Folha de S. Paulo


Uma cabeça para a multidão

É difícil encontrar quem defenda, com sinceridade, que a presidente deva ser cassada pelos motivos alegados no pedido de impeachment. Créditos suplementares e pedaladas serviram de pretexto para a abertura do processo na Câmara. Dilma foi ao cadafalso por razões como a crise econômica, a indignação geral com o petrolão e o instinto de autopreservação dos políticos.

A economia, como sempre, está na origem dos problemas. A inflação disparou, o desemprego voltou a crescer e o rombo nos cofres públicas explodiu. A presidente semeou o estrago no primeiro mandato e colheu seus frutos podres no segundo.

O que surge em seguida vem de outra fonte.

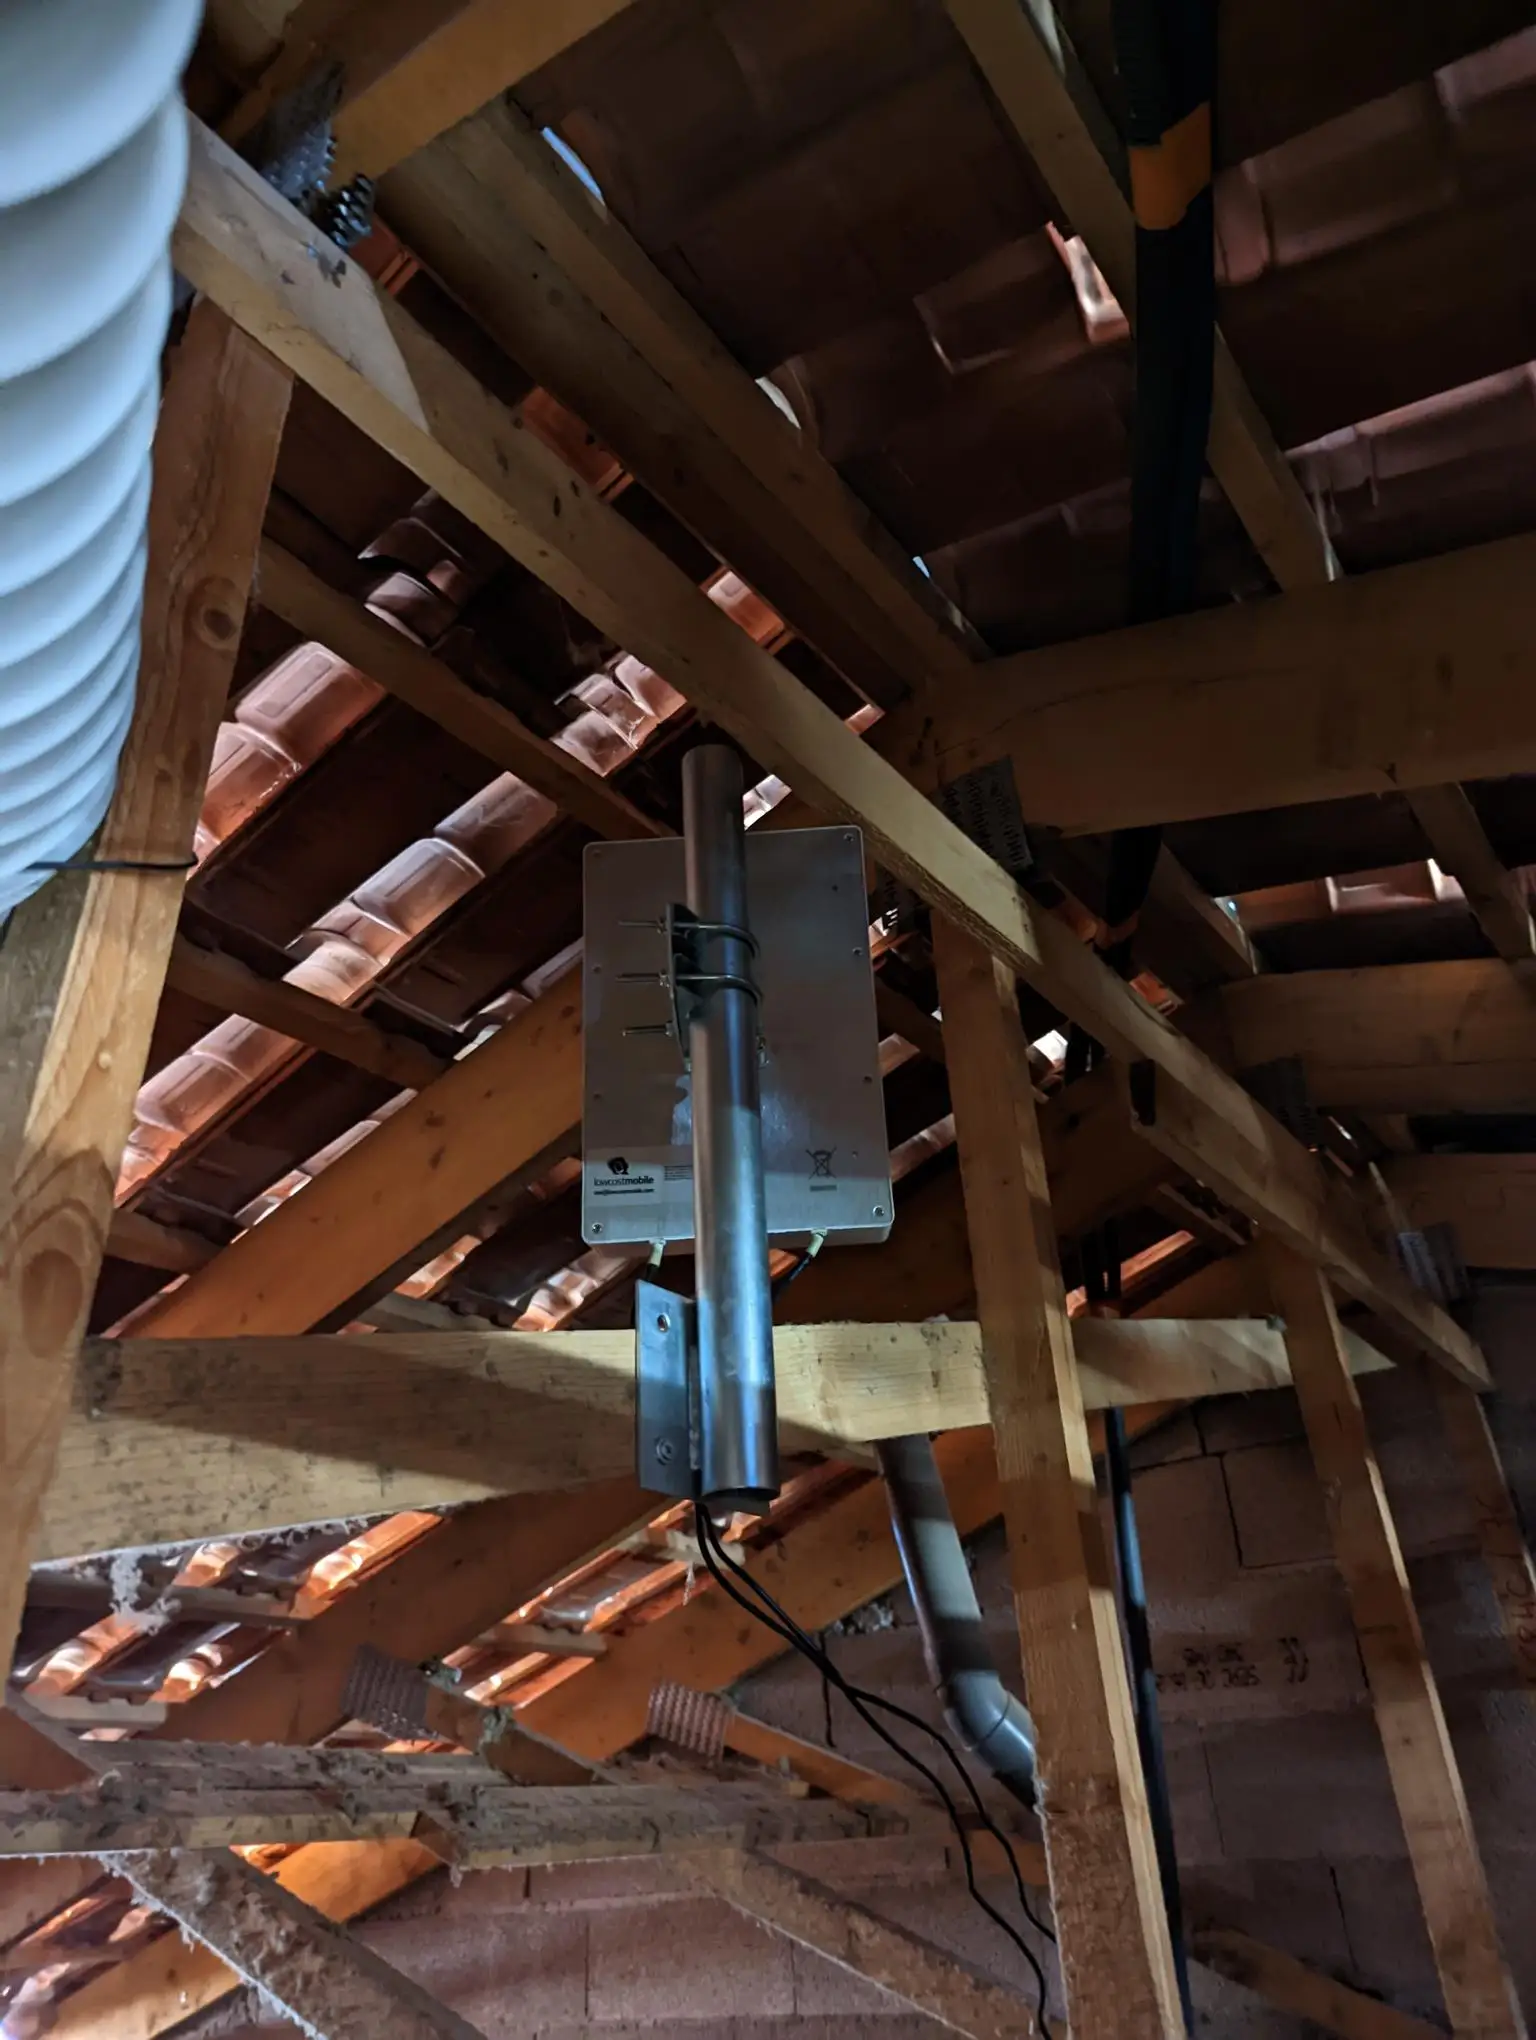 Antenna in the attic

Depois de assegurar a reeleição, Dilma rasgou promessas de campanha e adotou o programa liberal dos rivais. A guinada sem aviso prévio não equilibrou as contas e ainda minou as bases do petismo. Até Lula se juntou ao coro dos descontentes.

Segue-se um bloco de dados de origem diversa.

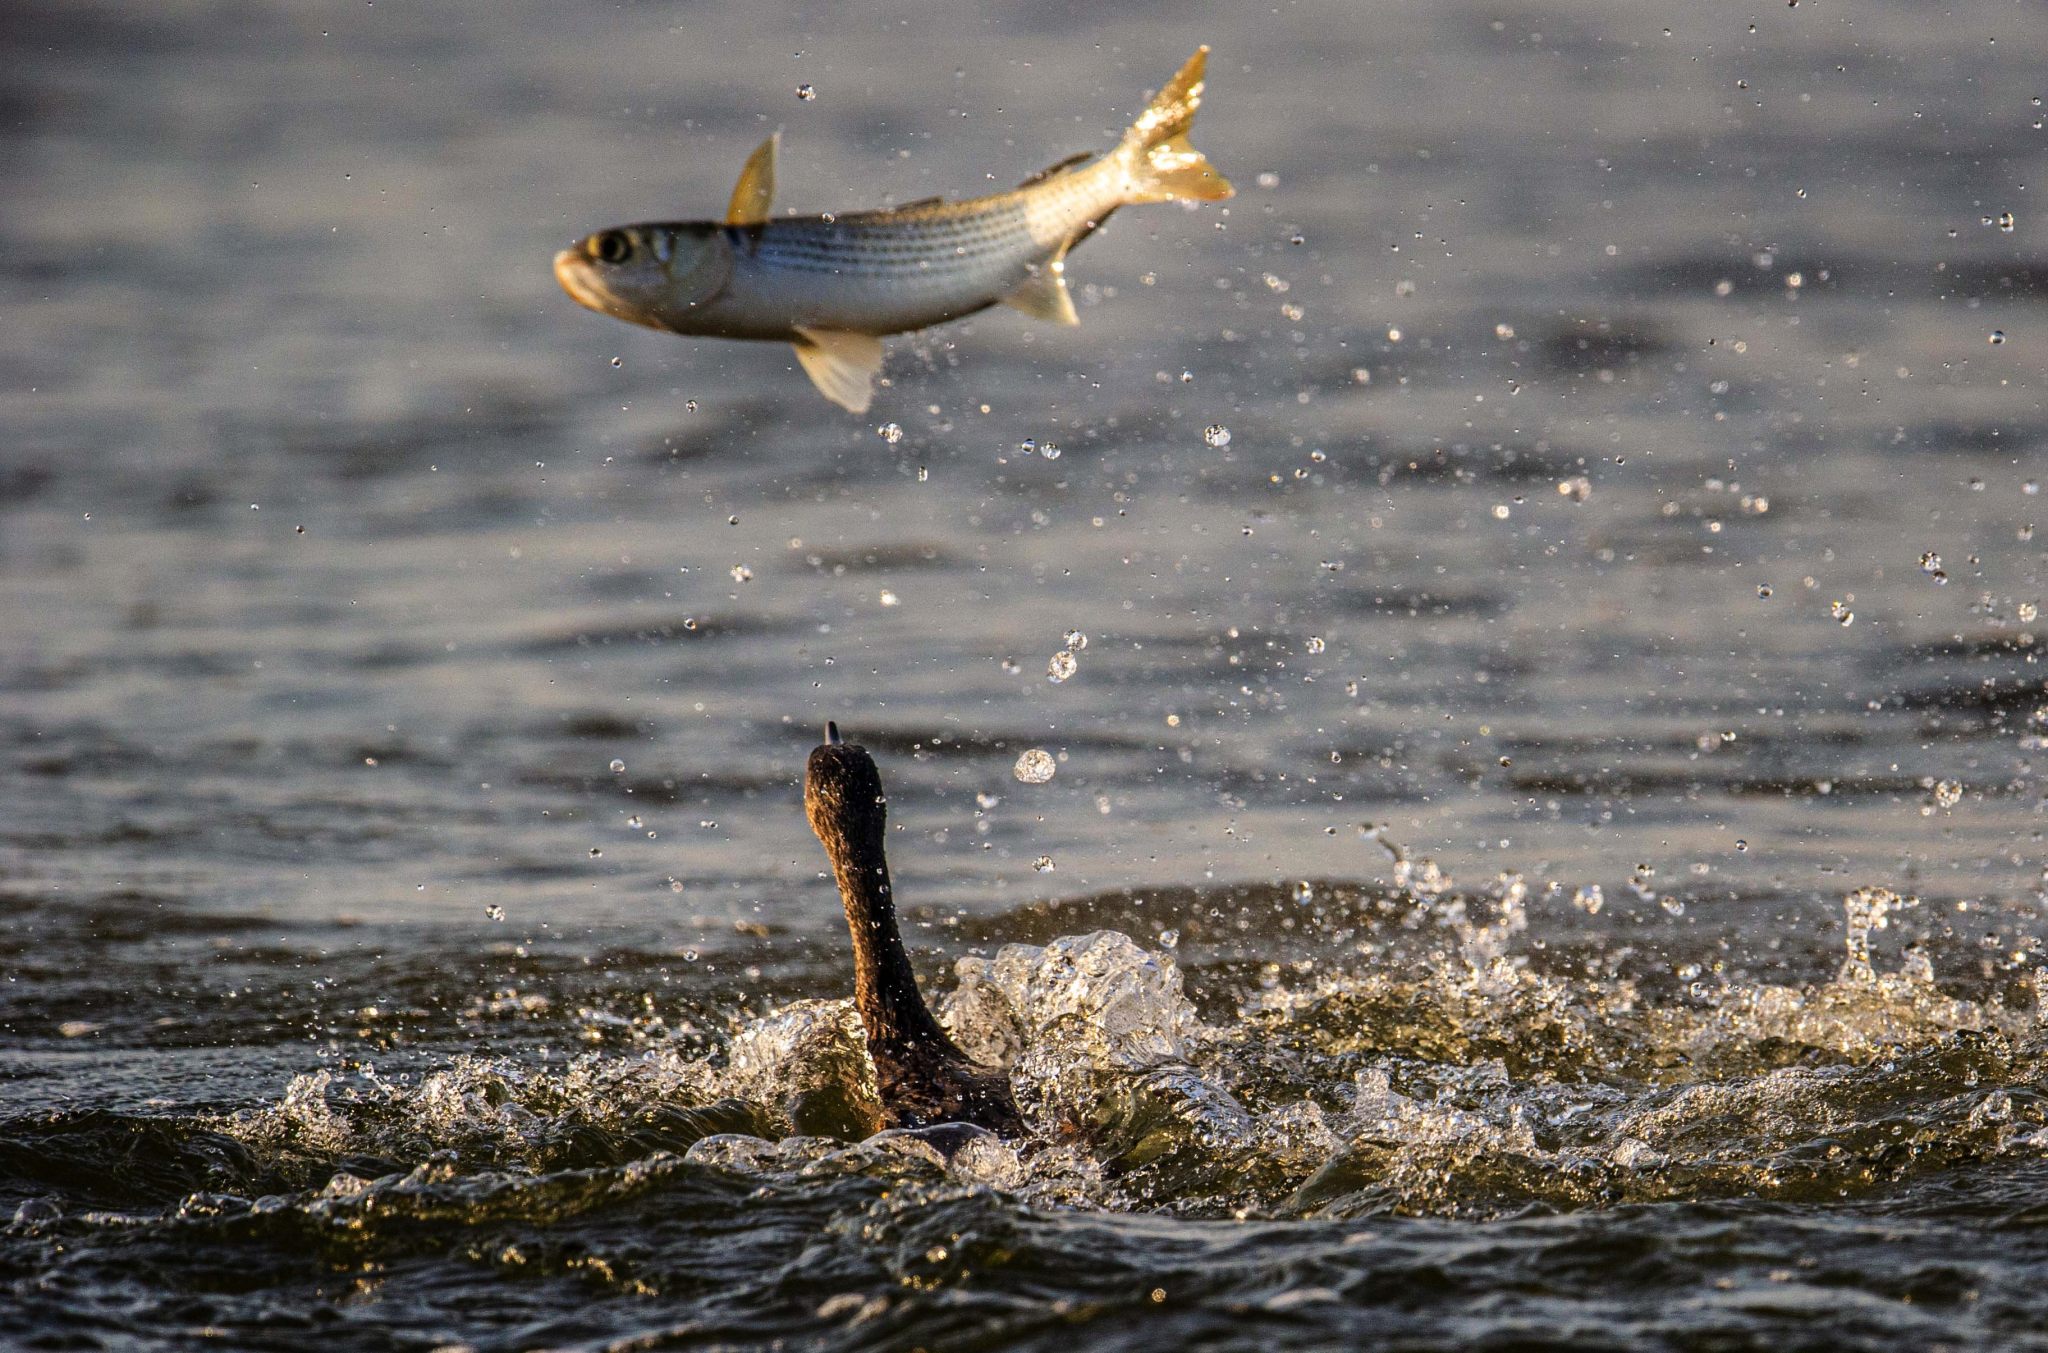 跳起水面的鱼都是被鸬鹚铁钩一样嘴咬伤,疼痛地跃出水面,一般来说很难

A crise derrubou o apoio popular à presidente, mas não ameaçaria seu mandato sem a Lava Jato, que revelou desfalques bilionários na Petrobras. Embora ninguém questione sua honestidade pessoal, Dilma não conseguiu se desviar da lama que soterrou o PT. O escândalo levou a classe média às ruas e passou a ameaçar a sobrevivência de outros partidos que sustentavam o governo no Congresso, como PMDB e PP.

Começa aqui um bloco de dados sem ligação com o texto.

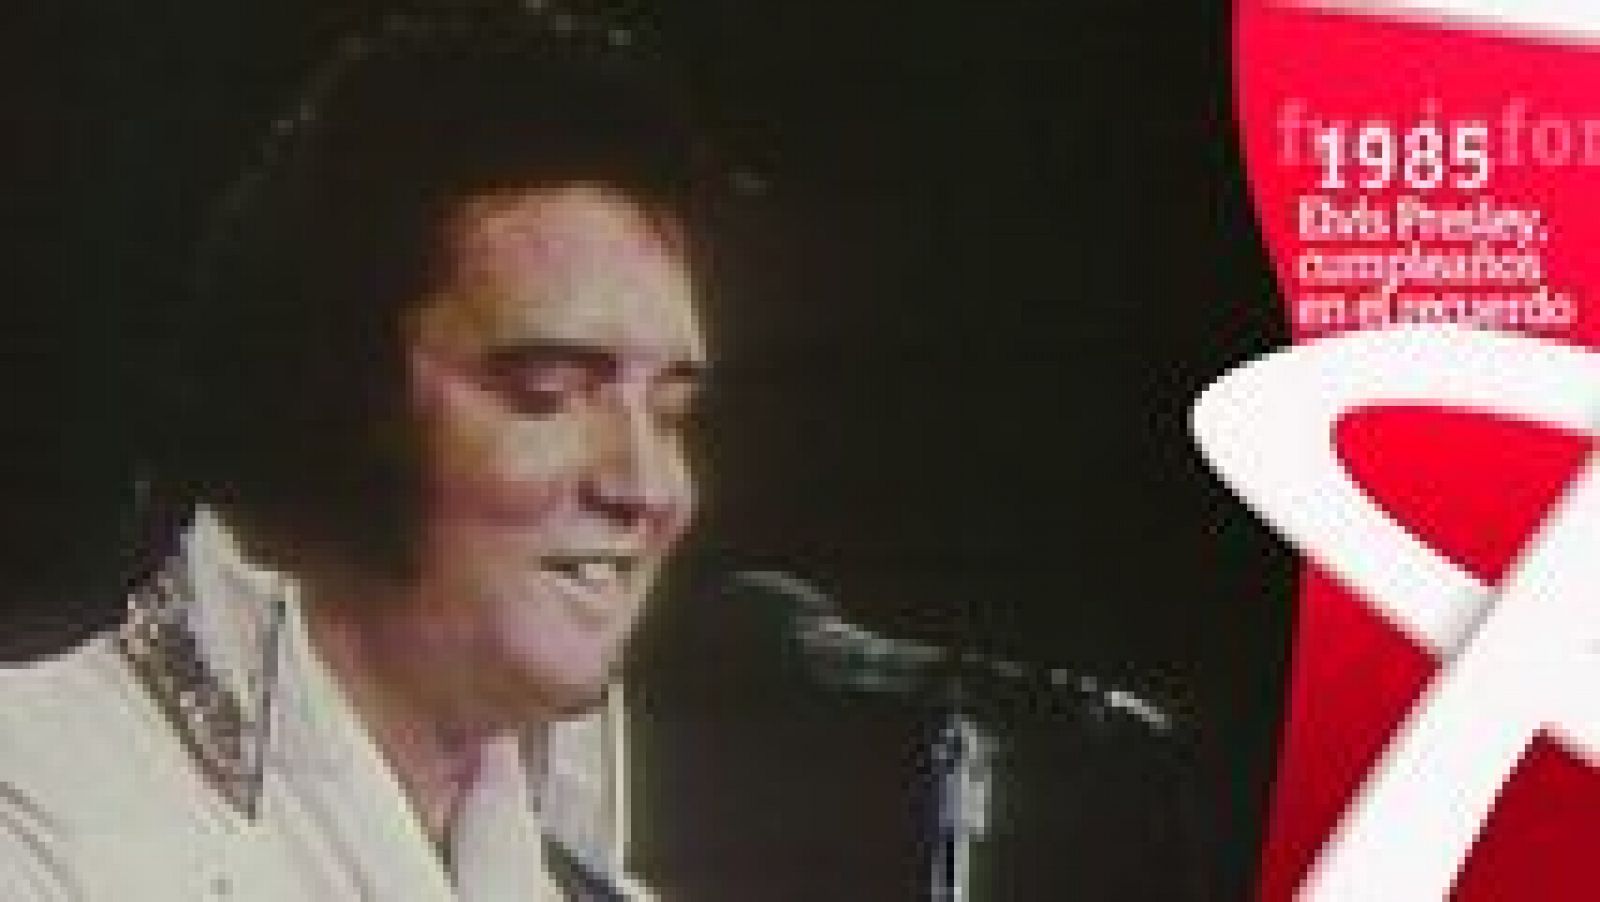 Fue informe - Elvis Presley, cumpleaños en el recuerdo (1985) - ver ahora

Com dezenas de pescoços na berlinda, o sistema intuiu que poderia cortar uma só cabeça e saciar a multidão faminta por punições. A aposta será testada no domingo, quando uma presidente que cometeu erros graves, mas não é acusada de embolsar dinheiro público, poderá ser derrubada em nome do combate à corrupção.

A sessão do impeachment será comandada por Eduardo Cunha, um dos pivôs do petrolão. Ele é réu no STF, dono de contas na Suíça e aliado do vice-presidente. Até ontem à tarde, a votação seria iniciada pelo deputado Afonso Hamm, que também é suspeito de receber propina do esquema. Em defesa da pátria, ele já anunciou que vai dizer "sim".